GIVEN MATERIAL section start
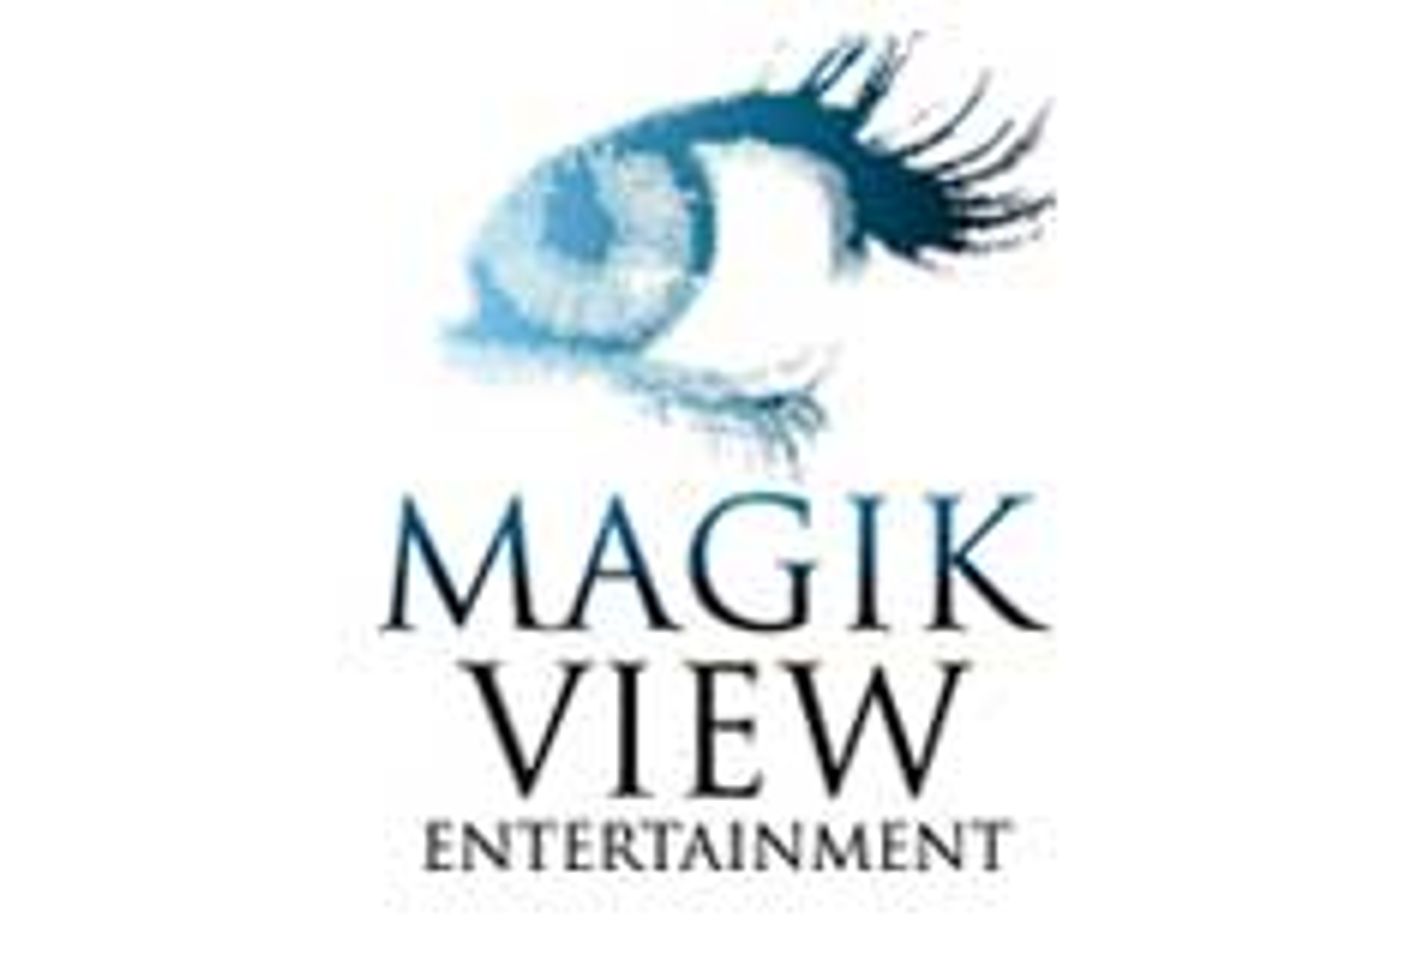 Private Media, Magik View Entertainment Win 3 AVN Awards
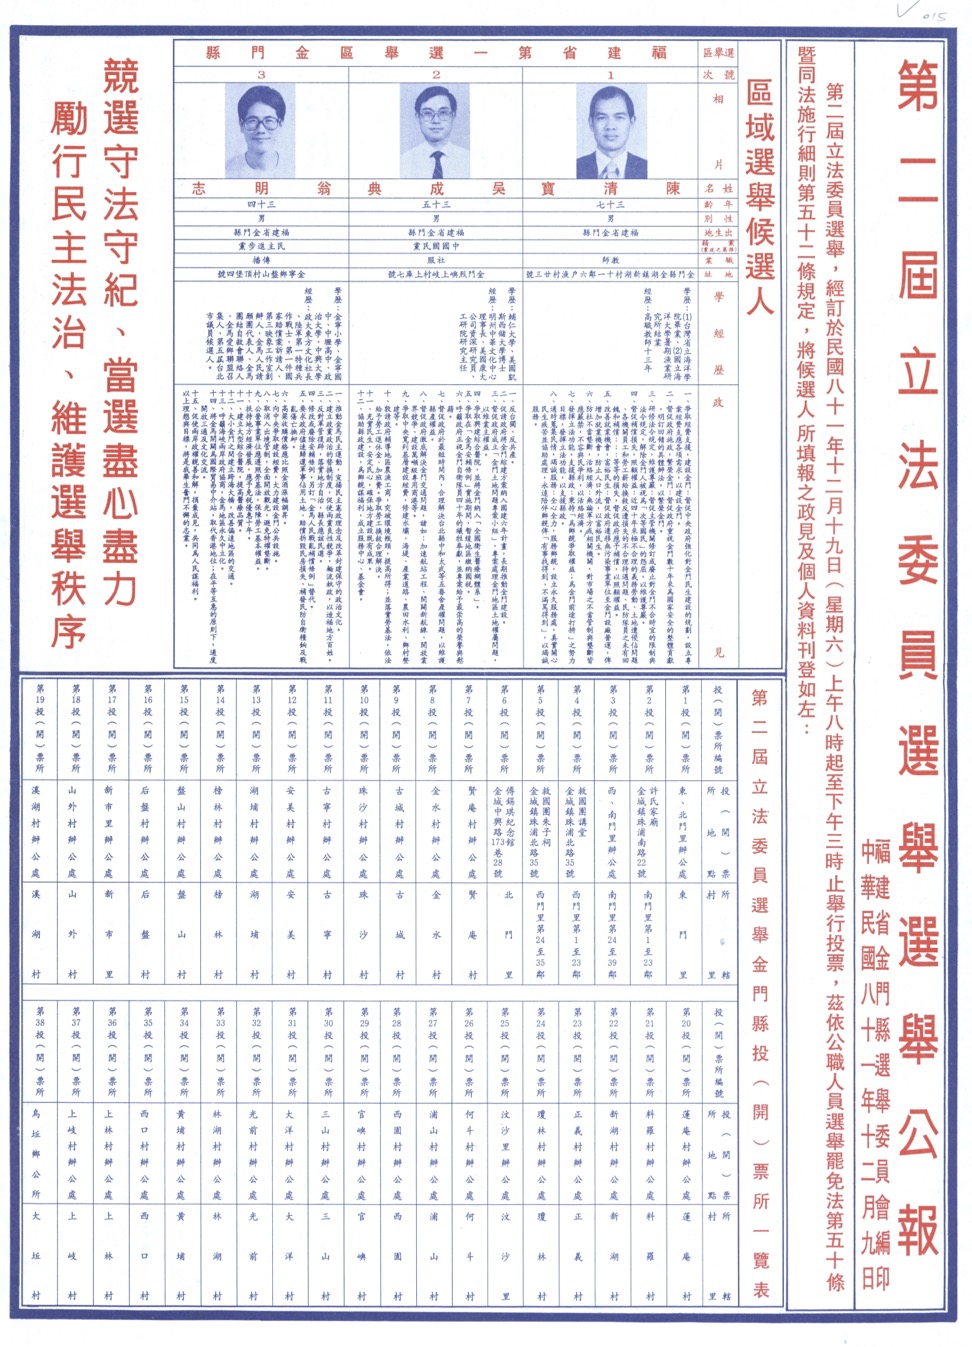 December 1991, the bulletin of the Kinmen County Second Legislative Yuan election.
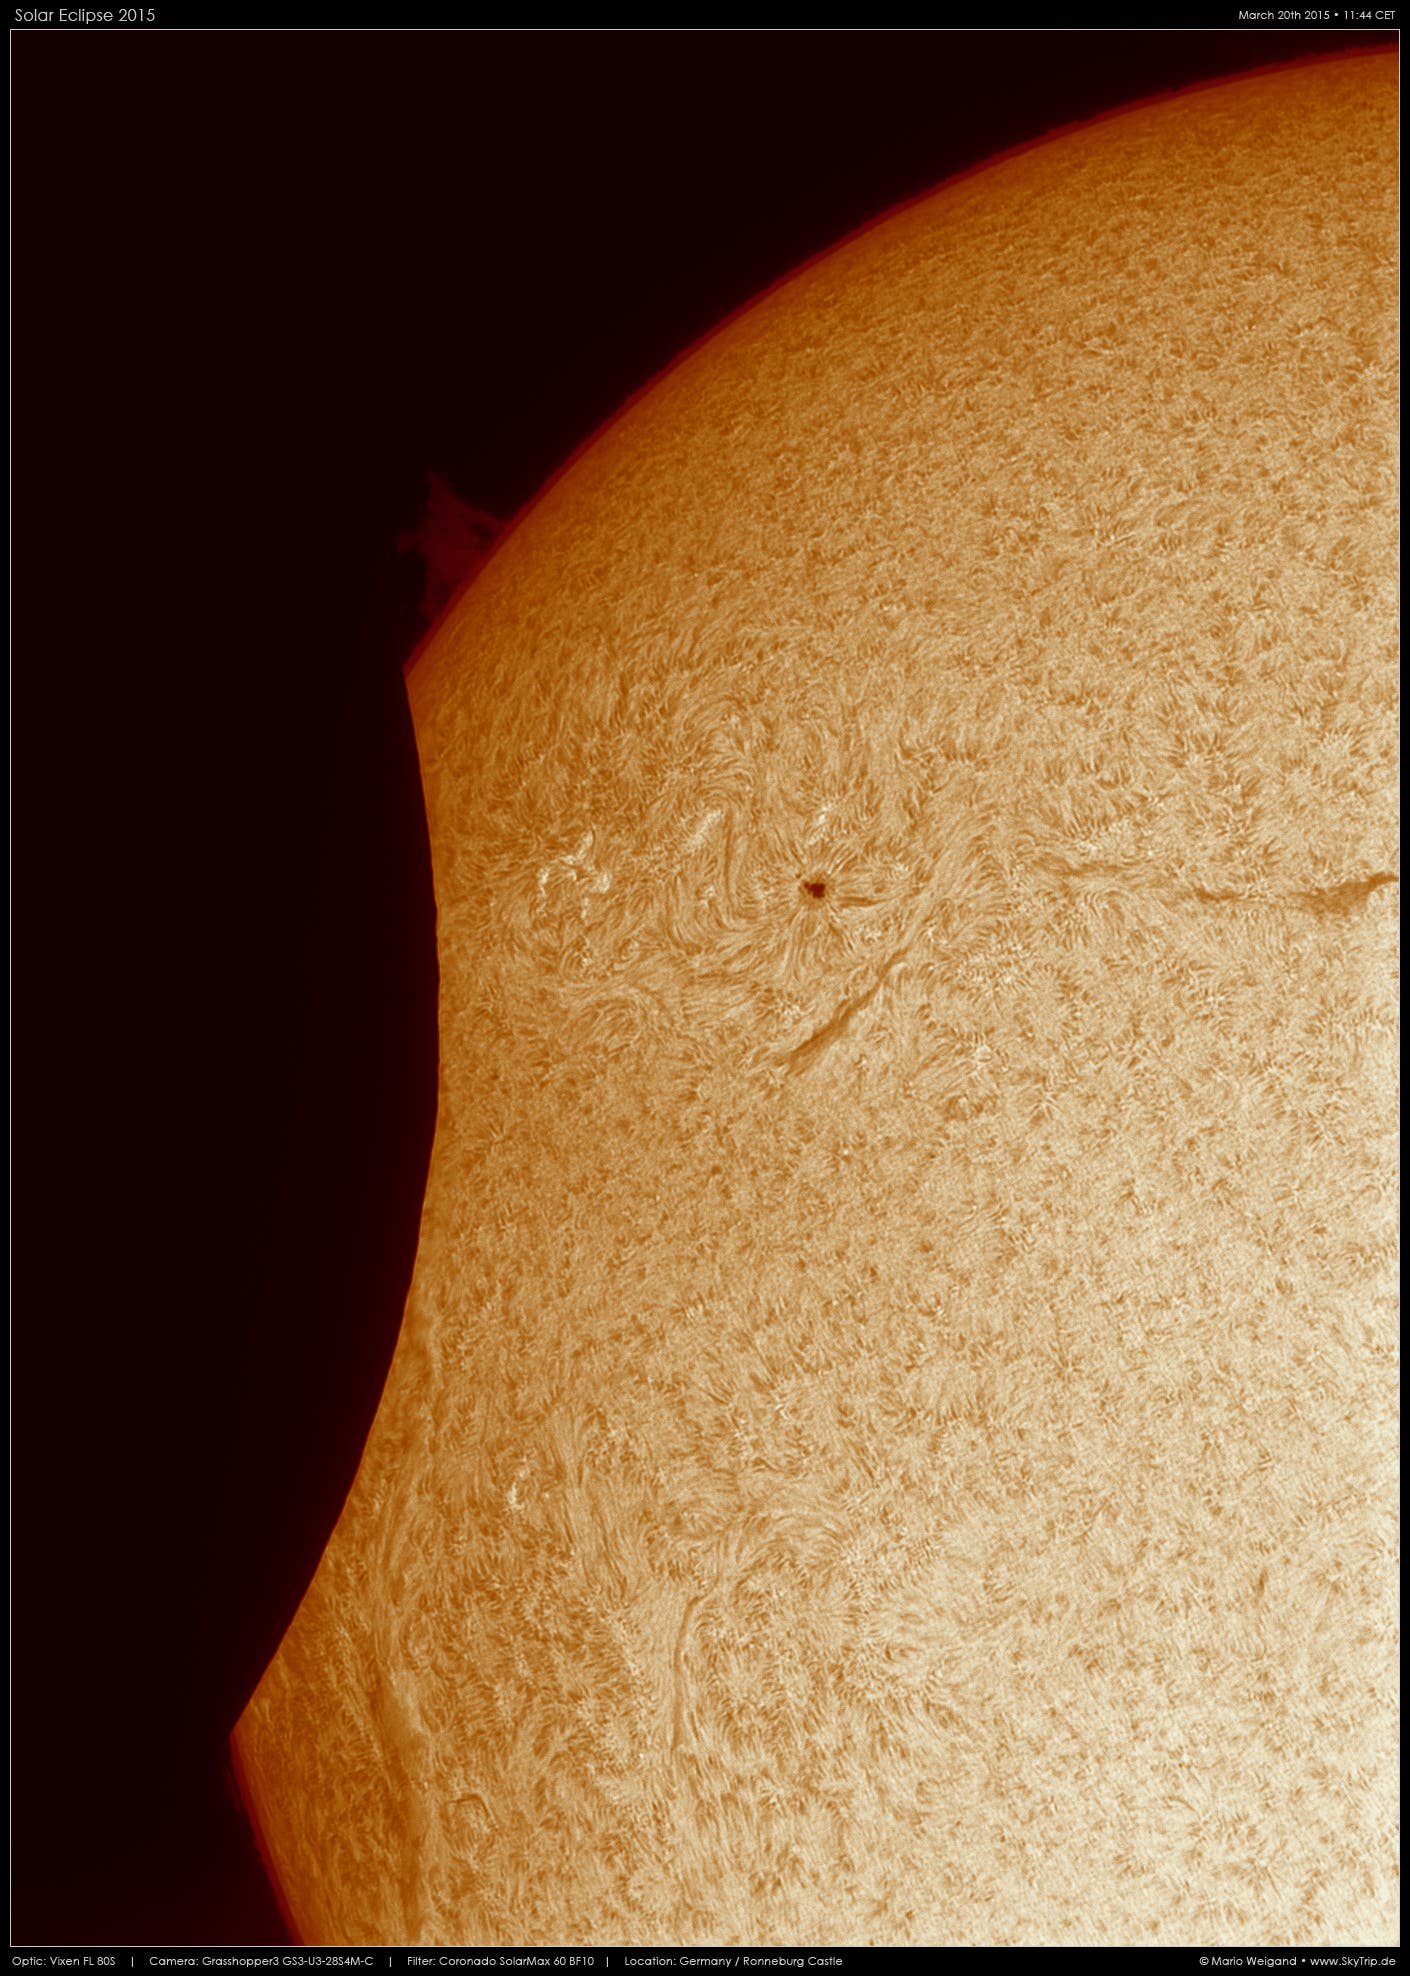 Sonnenfinsternis 2015 in H-Alpha
GIVEN MATERIAL section end
All lines from the one holding "December 1991, the" through the last line of the material above should be set down exactly, and the pictures should be left out.

 December 1991, the bulletin of the Kinmen County Second Legislative Yuan election.
 Sonnenfinsternis 2015 in H-Alpha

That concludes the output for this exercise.